Working group members welcome a comprehensive and harmonised disclosure across the EU, and the standardisation of a minimum amount of information, which can always be supplemented by further explanations, is beneficial for comparability and for investors’ analysis. The working group agrees with the frequency of the reporting as proposed by the consultation paper.However an open narrative as proposed in Template D would not only reduce comparability over time and across institutions, but could be less comprehensive if institutions were to emphasize certain forms of encumbrance at the expense of others.

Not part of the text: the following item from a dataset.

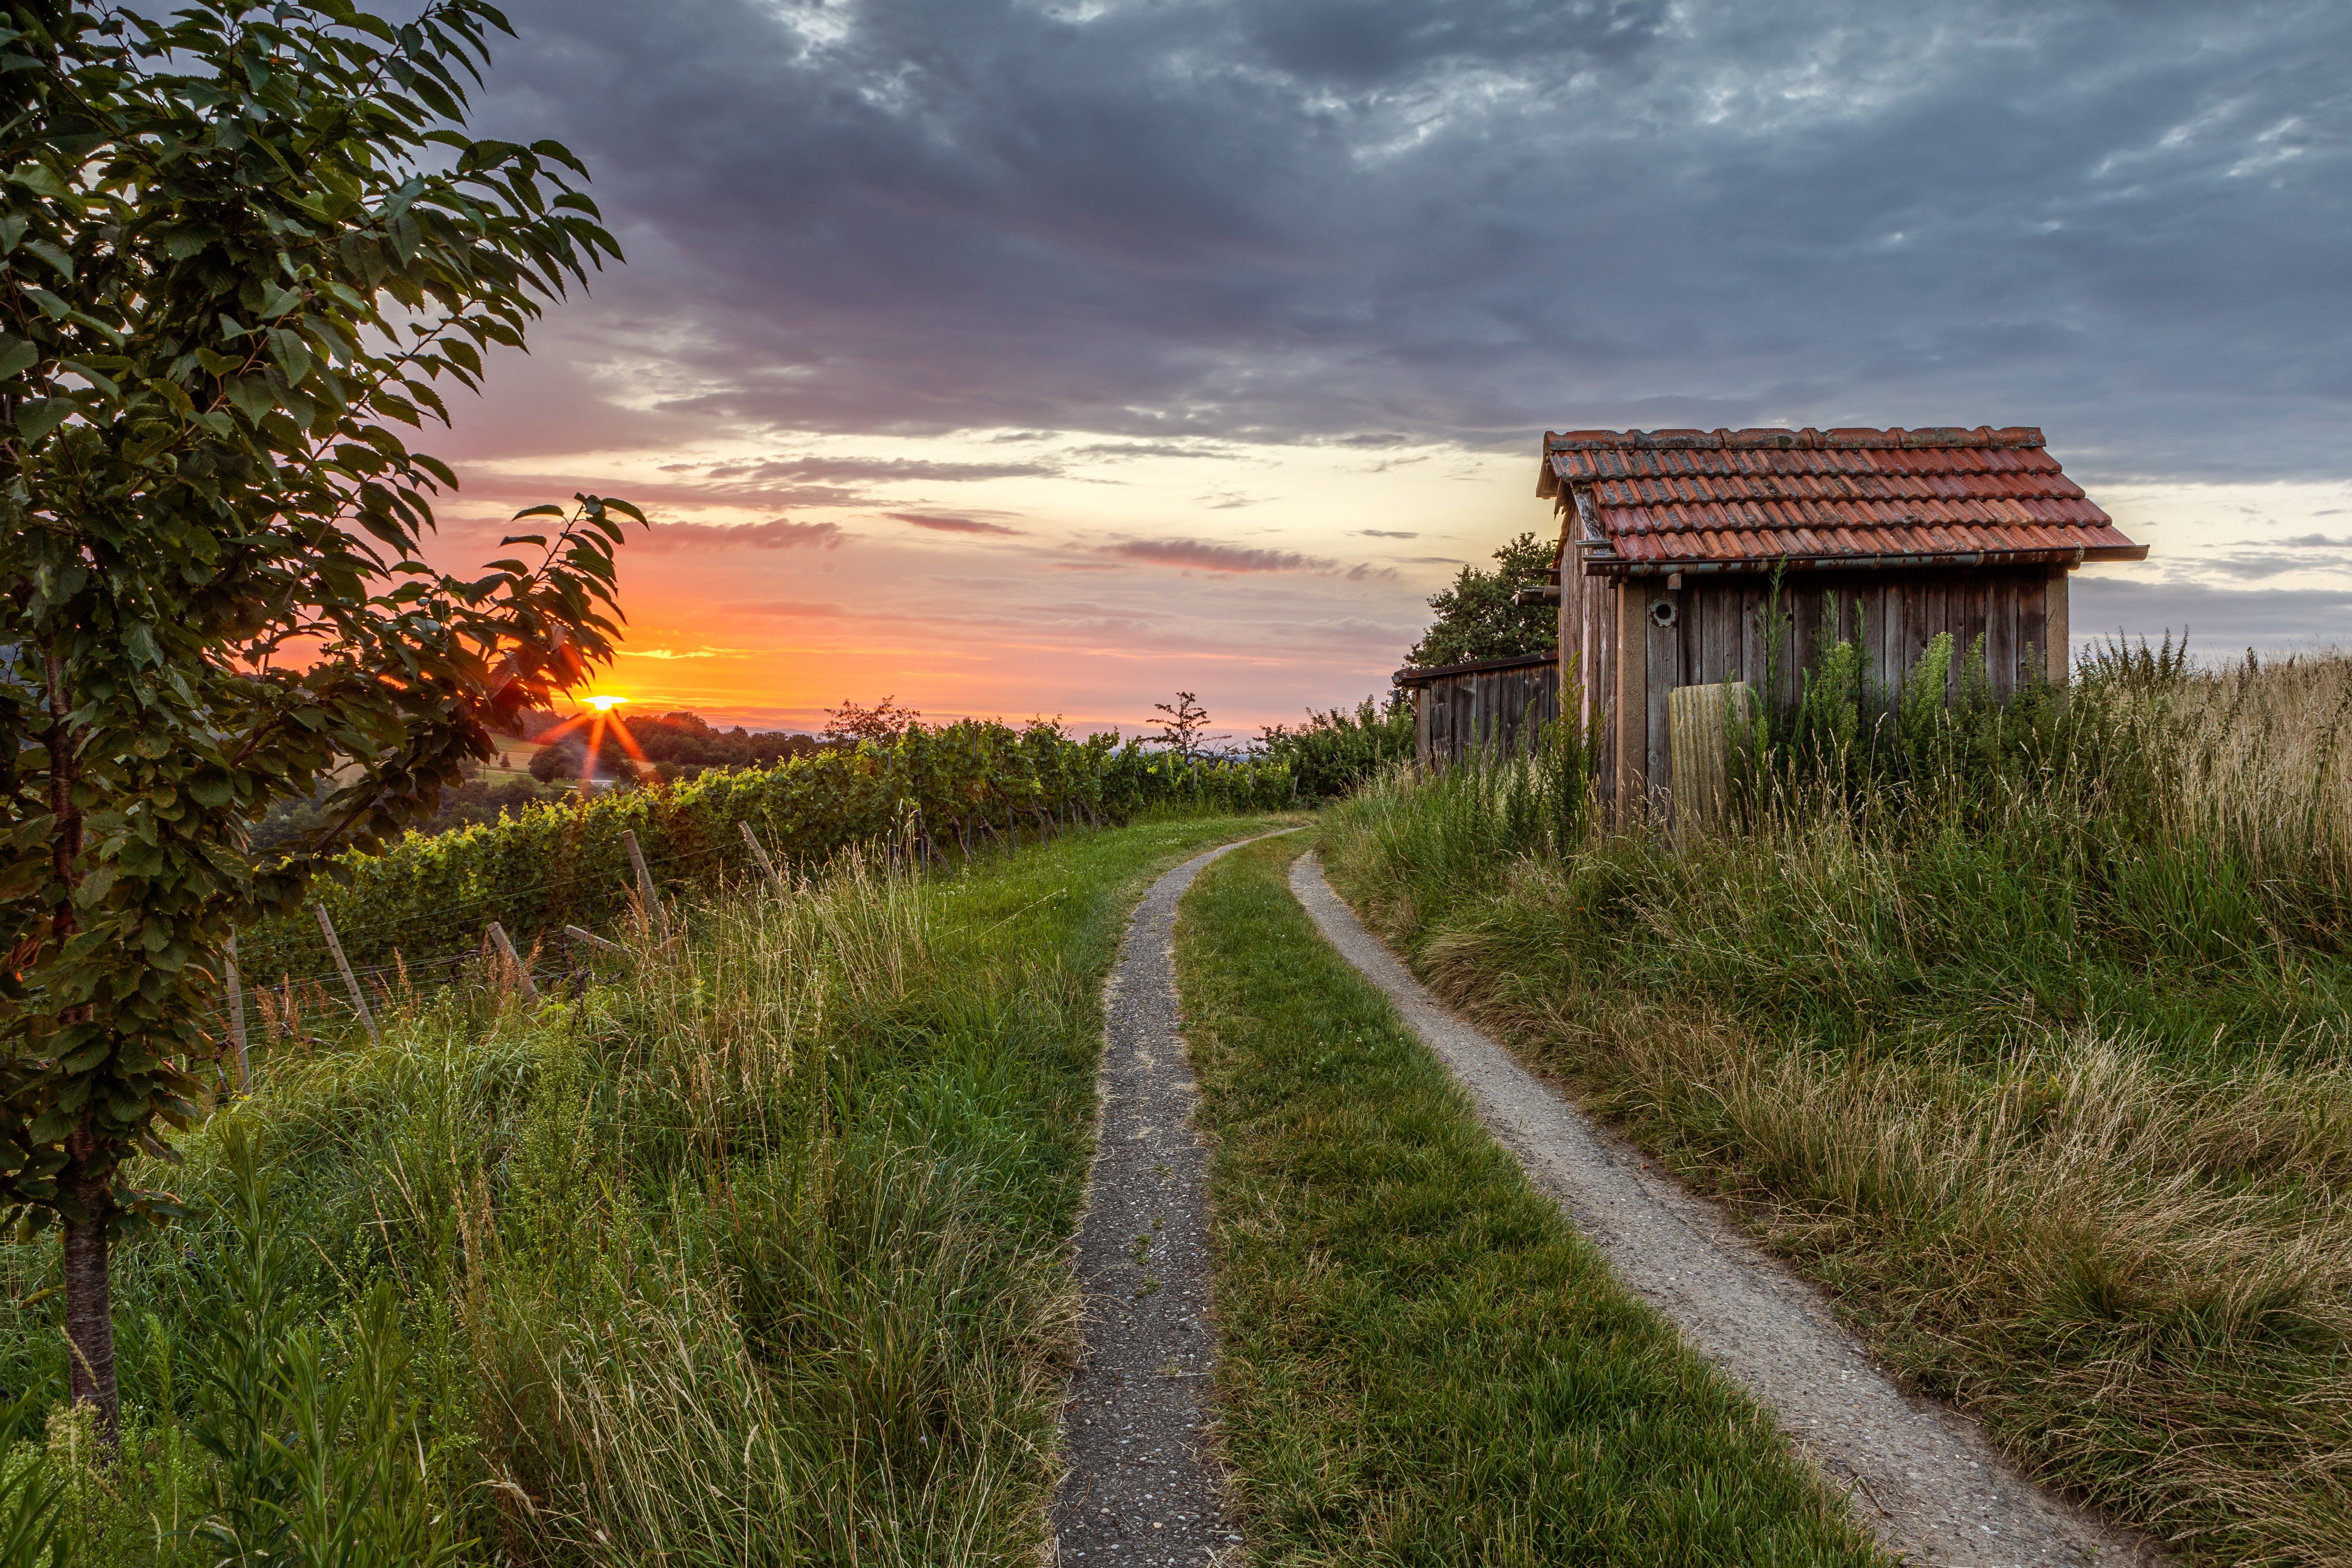 Als Jakob und seine Schwestern anfingen, sich im Wald umzusehen, fanden sie eine alte Hütte. | Quelle: Shutterstock

The proposed grouping of liability line items would not necessarily enable market participants to identify encumbrance related to specific transactions such as ELA.
The working group discussed and raised concerns on the fact that ELA would not be disclosed. Regulators will have access to information that investors will not be able to monitor in an event of default. It is appreciated that the integrity and confidentiality of such exercises by Central Banks must be preserved if ELA is to continue to be capable of being provided. Nevertheless, there is a danger that such non-disclosure may render the overall disclosure incomplete and misleading. Indeed the consultation paper also asked for these assets to be reported as ‘unencumbered’. As well as placing the banks in a legal dilemma, the guidelines would create a significant problem for securities regulators across Europe in determining whether or not to enforce accounting requirements and for the professionals who prepare financial statements. It could lead to an over statement of contingent funding capacity and availability of collateral, and secondly, certain numbers may not match with other sections of the accounts. This information asymmetry might spur investors to pre-empt regulatory action by withdrawing credit earlier in times of stress, lest they get caught in a resolution of an organisation and all of its associated economic consequences. The lack of disclosure could prove even more destabilizing than full disclosure of bank ELA usage as investors would likely “assume the worst” absent complete information. In similar circumstances a discount would be applied to a bank’s (share) valuation. It was also noted that collateral eligibility criteria vary from one European Central Bank to the next, and clarity regarding these requirements would be of help in this context.